The risks of CBA, including potential phrenic nerve injury (PNI), were thoroughly explained preoperatively, and informed consent was obtained. When PNP occurred, the patient was promptly informed of its nature, management strategies (including corticosteroids), and the possibility of delayed recovery. Shared decision-making was emphasized, and the patient agreed to continued follow-up and supportive management, trusting the multidisciplinary team’s recommendations.
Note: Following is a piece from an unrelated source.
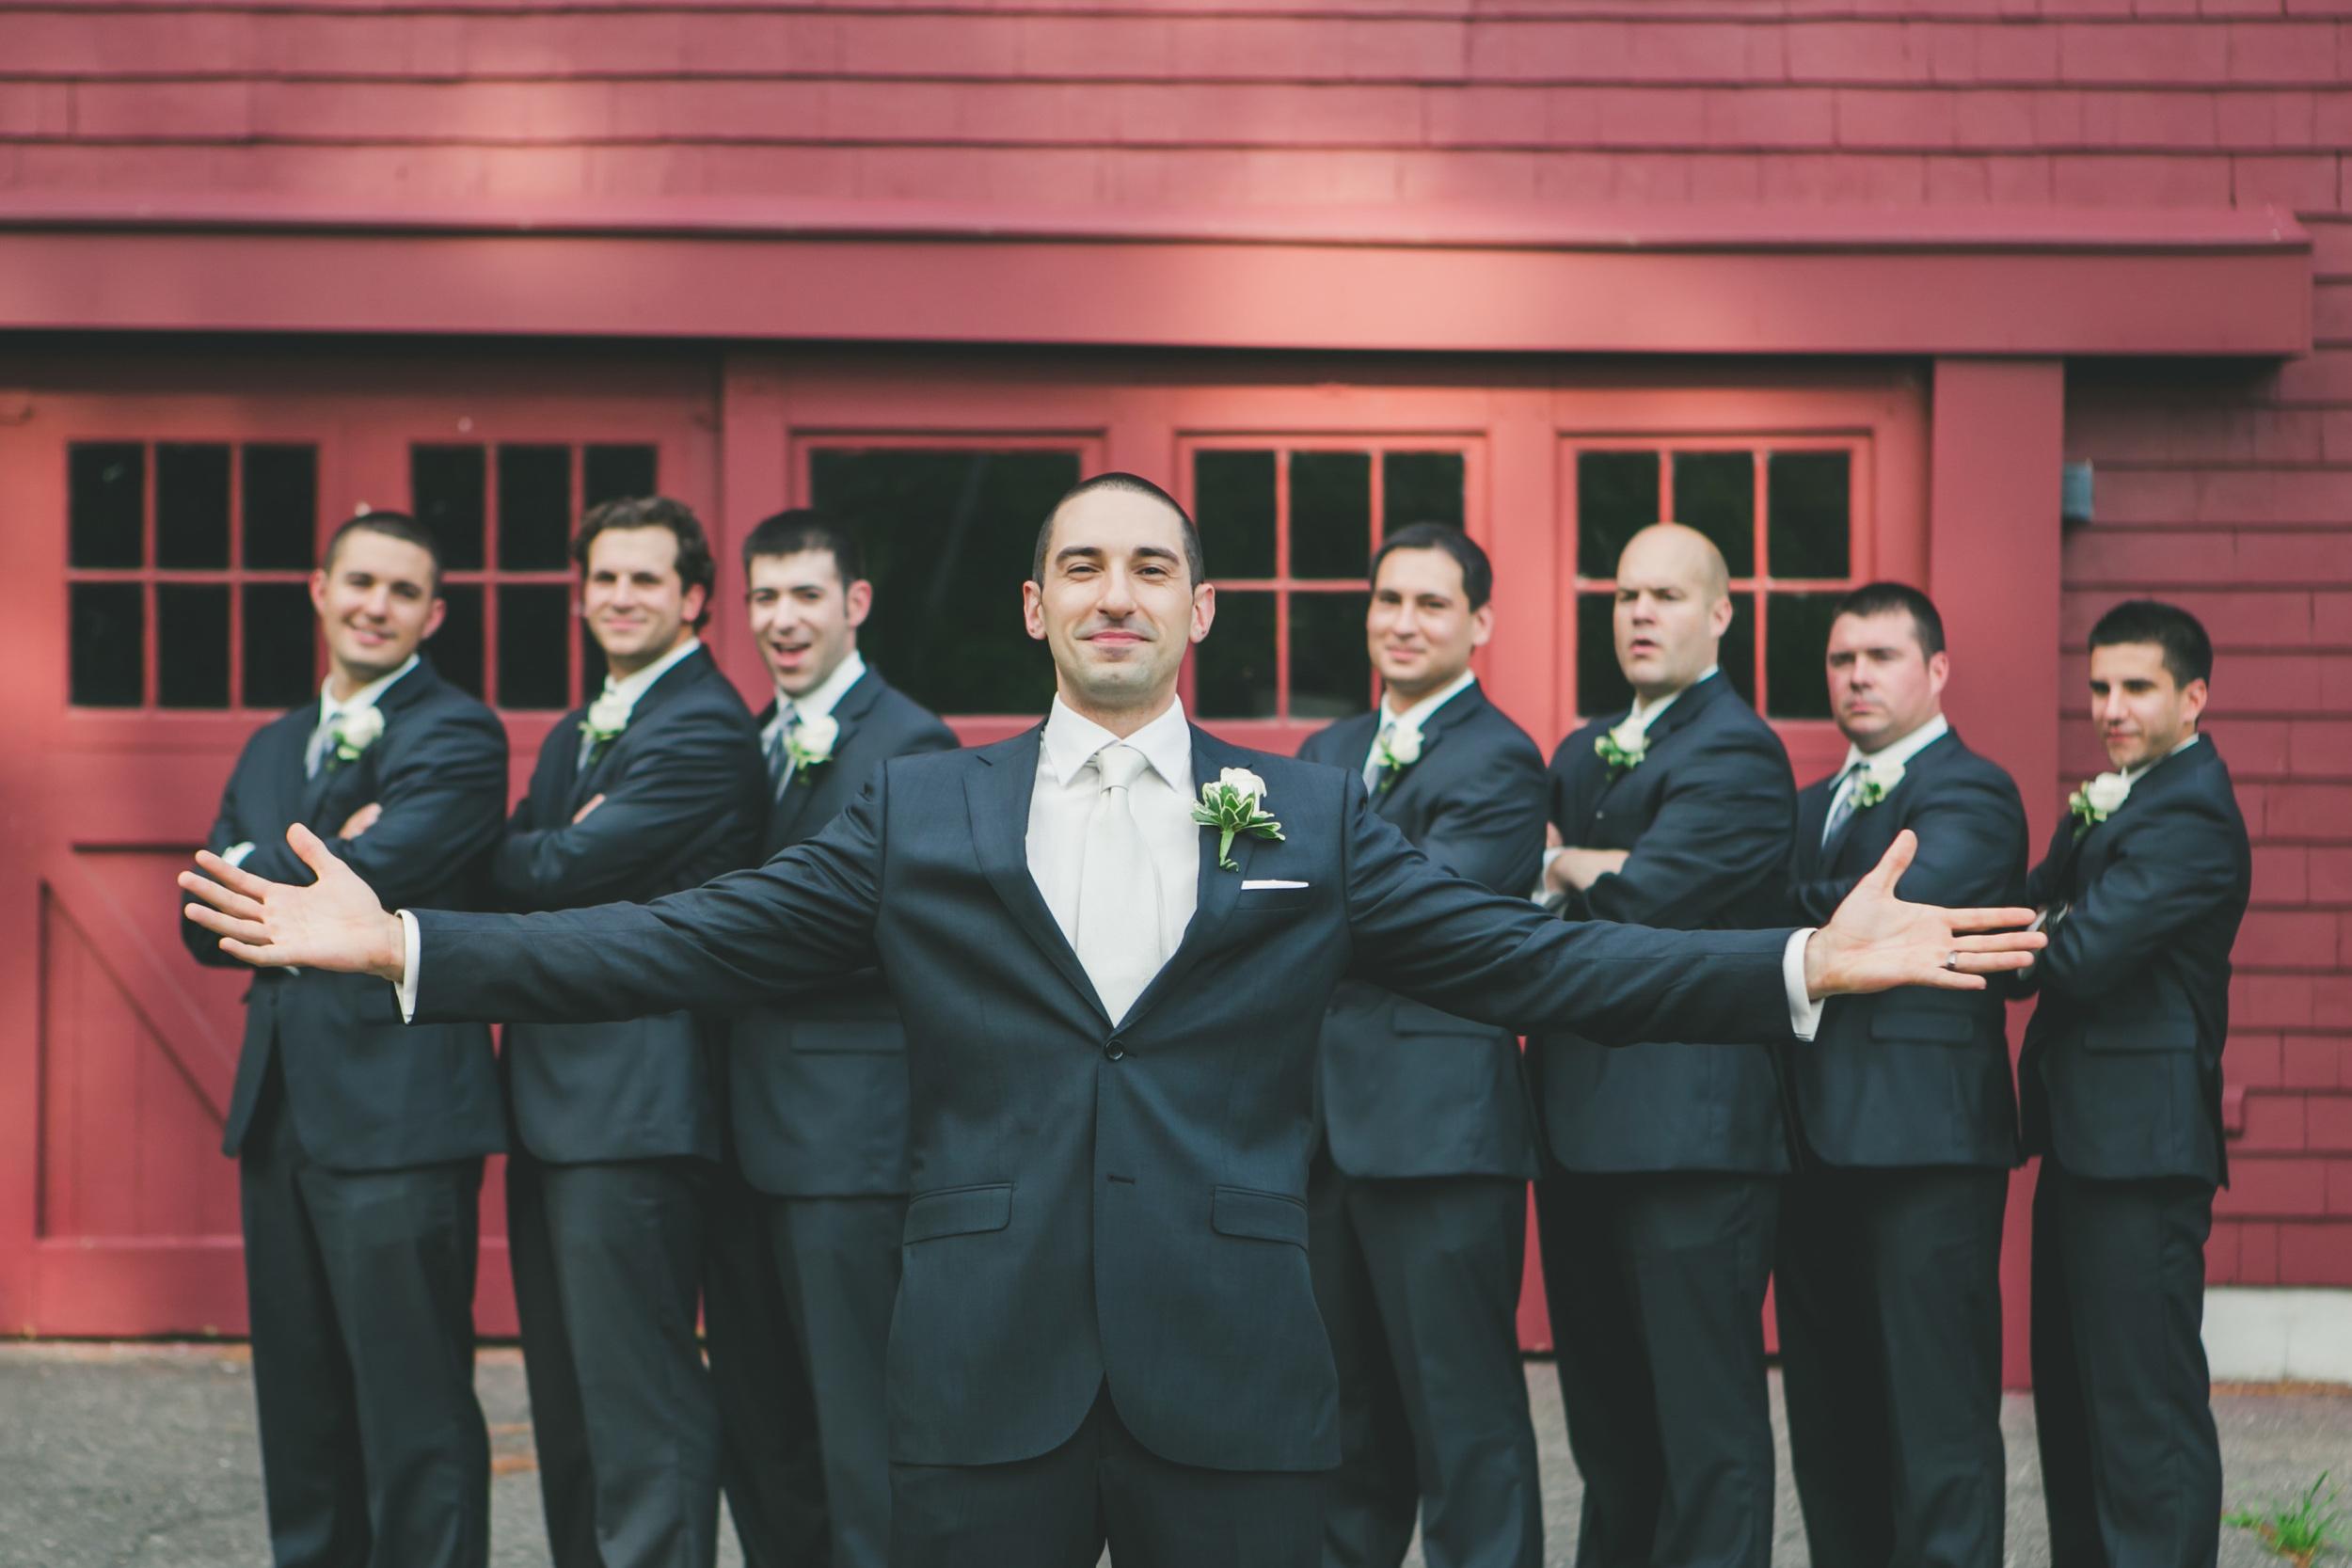 Romatic-Polish-American-Wedding-Riverview-Connecticut-Jacek-Dolata-Documentary-Wedding-Photography-10.jpg

PNP is a recognized complication associated with CBA for AF, with an incidence ranging from 1.14% to 11.2% in published series [1–3]. Patient-specific anatomical factors may include the proximity of the RSPV to the phrenic nerve, as studies show that 32% of the anterior walls of the RSPV are less than 2 mm away from the phrenic nerve [4]. Therefore, the phrenic nerve is prone to injury during CBA of the RSPV. In comparison with other ablation techniques, CBA is associated with a relatively higher risk of PNP due to its circumferential energy delivery and the proximity of the RSPV to the phrenic nerve. RFA, by contrast, allows for point-by-point lesion creation and greater flexibility, which may reduce the risk of PNI but requires longer procedure times and carries risks of collateral tissue damage, such as esophageal injury. Pulsed field ablation (PFA) has recently emerged as a promising modality with myocardial selectivity and a favorable safety profile, including a lower incidence of PNI. However, long-term safety and efficacy data on PFA remain limited, and further studies are warranted.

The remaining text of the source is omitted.